[Task prompt]: Give the entries again, word for word.

►

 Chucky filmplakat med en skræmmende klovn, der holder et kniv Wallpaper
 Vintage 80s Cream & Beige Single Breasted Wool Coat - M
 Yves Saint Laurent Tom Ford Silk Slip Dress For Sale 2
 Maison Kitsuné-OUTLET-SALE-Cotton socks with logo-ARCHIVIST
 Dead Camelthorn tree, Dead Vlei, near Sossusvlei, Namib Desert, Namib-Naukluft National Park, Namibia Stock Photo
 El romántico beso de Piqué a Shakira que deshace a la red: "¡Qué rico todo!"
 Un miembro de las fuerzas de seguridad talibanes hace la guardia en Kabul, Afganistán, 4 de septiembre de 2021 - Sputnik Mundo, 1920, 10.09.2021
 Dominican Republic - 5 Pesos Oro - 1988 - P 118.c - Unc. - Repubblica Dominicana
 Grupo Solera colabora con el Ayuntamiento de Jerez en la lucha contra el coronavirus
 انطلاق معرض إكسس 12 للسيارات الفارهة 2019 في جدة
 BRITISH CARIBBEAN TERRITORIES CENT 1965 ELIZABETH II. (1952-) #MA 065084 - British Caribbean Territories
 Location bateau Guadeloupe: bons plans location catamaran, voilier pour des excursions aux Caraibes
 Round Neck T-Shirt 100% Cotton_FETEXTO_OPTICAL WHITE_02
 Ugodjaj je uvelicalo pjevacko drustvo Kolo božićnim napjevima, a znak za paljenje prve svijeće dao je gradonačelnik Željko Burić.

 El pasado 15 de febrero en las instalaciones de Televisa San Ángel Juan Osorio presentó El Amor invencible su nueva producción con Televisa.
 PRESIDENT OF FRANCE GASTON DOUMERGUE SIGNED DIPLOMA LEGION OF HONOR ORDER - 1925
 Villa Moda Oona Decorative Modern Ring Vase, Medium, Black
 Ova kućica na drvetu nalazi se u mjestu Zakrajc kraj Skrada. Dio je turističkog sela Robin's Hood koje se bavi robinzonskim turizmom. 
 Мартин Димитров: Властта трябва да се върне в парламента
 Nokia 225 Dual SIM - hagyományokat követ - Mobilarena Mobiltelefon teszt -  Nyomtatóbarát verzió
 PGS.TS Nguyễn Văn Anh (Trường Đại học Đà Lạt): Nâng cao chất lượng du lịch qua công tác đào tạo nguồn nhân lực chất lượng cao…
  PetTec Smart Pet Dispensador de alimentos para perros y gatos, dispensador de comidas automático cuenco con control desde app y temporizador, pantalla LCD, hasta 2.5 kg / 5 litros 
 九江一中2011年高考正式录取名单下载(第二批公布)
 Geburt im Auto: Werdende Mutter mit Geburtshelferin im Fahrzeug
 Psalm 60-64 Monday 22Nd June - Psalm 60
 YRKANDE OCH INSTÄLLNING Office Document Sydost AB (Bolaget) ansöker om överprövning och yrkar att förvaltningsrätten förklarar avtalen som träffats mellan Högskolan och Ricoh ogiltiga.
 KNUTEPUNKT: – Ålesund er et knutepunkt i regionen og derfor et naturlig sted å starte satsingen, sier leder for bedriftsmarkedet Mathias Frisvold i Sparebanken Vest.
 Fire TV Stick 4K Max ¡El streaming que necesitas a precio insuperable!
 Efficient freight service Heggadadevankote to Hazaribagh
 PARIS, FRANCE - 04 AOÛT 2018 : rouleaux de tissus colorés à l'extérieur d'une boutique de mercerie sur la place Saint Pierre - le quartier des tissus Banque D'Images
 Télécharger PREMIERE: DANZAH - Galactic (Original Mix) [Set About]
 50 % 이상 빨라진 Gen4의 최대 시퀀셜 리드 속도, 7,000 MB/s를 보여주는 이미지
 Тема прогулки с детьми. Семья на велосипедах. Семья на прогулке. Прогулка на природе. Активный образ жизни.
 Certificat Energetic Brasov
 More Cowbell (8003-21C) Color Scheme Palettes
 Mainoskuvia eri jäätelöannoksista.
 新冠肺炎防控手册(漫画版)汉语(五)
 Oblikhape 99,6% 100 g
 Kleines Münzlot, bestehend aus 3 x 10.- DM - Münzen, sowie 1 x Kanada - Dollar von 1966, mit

◄

[Solution for this problem]:
 Chucky filmplakat med en skræmmende klovn, der holder et kniv Wallpaper
 Vintage 80s Cream & Beige Single Breasted Wool Coat - M
 Yves Saint Laurent Tom Ford Silk Slip Dress For Sale 2
 Maison Kitsuné-OUTLET-SALE-Cotton socks with logo-ARCHIVIST
 Dead Camelthorn tree, Dead Vlei, near Sossusvlei, Namib Desert, Namib-Naukluft National Park, Namibia Stock Photo
 El romántico beso de Piqué a Shakira que deshace a la red: "¡Qué rico todo!"
 Un miembro de las fuerzas de seguridad talibanes hace la guardia en Kabul, Afganistán, 4 de septiembre de 2021 - Sputnik Mundo, 1920, 10.09.2021
 Dominican Republic - 5 Pesos Oro - 1988 - P 118.c - Unc. - Repubblica Dominicana
 Grupo Solera colabora con el Ayuntamiento de Jerez en la lucha contra el coronavirus
 انطلاق معرض إكسس 12 للسيارات الفارهة 2019 في جدة
 BRITISH CARIBBEAN TERRITORIES CENT 1965 ELIZABETH II. (1952-) #MA 065084 - British Caribbean Territories
 Location bateau Guadeloupe: bons plans location catamaran, voilier pour des excursions aux Caraibes
 Round Neck T-Shirt 100% Cotton_FETEXTO_OPTICAL WHITE_02
 Ugodjaj je uvelicalo pjevacko drustvo Kolo božićnim napjevima, a znak za paljenje prve svijeće dao je gradonačelnik Željko Burić.

 El pasado 15 de febrero en las instalaciones de Televisa San Ángel Juan Osorio presentó El Amor invencible su nueva producción con Televisa.
 PRESIDENT OF FRANCE GASTON DOUMERGUE SIGNED DIPLOMA LEGION OF HONOR ORDER - 1925
 Villa Moda Oona Decorative Modern Ring Vase, Medium, Black
 Ova kućica na drvetu nalazi se u mjestu Zakrajc kraj Skrada. Dio je turističkog sela Robin's Hood koje se bavi robinzonskim turizmom. 
 Мартин Димитров: Властта трябва да се върне в парламента
 Nokia 225 Dual SIM - hagyományokat követ - Mobilarena Mobiltelefon teszt -  Nyomtatóbarát verzió
 PGS.TS Nguyễn Văn Anh (Trường Đại học Đà Lạt): Nâng cao chất lượng du lịch qua công tác đào tạo nguồn nhân lực chất lượng cao…
  PetTec Smart Pet Dispensador de alimentos para perros y gatos, dispensador de comidas automático cuenco con control desde app y temporizador, pantalla LCD, hasta 2.5 kg / 5 litros 
 九江一中2011年高考正式录取名单下载(第二批公布)
 Geburt im Auto: Werdende Mutter mit Geburtshelferin im Fahrzeug
 Psalm 60-64 Monday 22Nd June - Psalm 60
 YRKANDE OCH INSTÄLLNING Office Document Sydost AB (Bolaget) ansöker om överprövning och yrkar att förvaltningsrätten förklarar avtalen som träffats mellan Högskolan och Ricoh ogiltiga.
 KNUTEPUNKT: – Ålesund er et knutepunkt i regionen og derfor et naturlig sted å starte satsingen, sier leder for bedriftsmarkedet Mathias Frisvold i Sparebanken Vest.
 Fire TV Stick 4K Max ¡El streaming que necesitas a precio insuperable!
 Efficient freight service Heggadadevankote to Hazaribagh
 PARIS, FRANCE - 04 AOÛT 2018 : rouleaux de tissus colorés à l'extérieur d'une boutique de mercerie sur la place Saint Pierre - le quartier des tissus Banque D'Images
 Télécharger PREMIERE: DANZAH - Galactic (Original Mix) [Set About]
 50 % 이상 빨라진 Gen4의 최대 시퀀셜 리드 속도, 7,000 MB/s를 보여주는 이미지
 Тема прогулки с детьми. Семья на велосипедах. Семья на прогулке. Прогулка на природе. Активный образ жизни.
 Certificat Energetic Brasov
 More Cowbell (8003-21C) Color Scheme Palettes
 Mainoskuvia eri jäätelöannoksista.
 新冠肺炎防控手册(漫画版)汉语(五)
 Oblikhape 99,6% 100 g
 Kleines Münzlot, bestehend aus 3 x 10.- DM - Münzen, sowie 1 x Kanada - Dollar von 1966, mit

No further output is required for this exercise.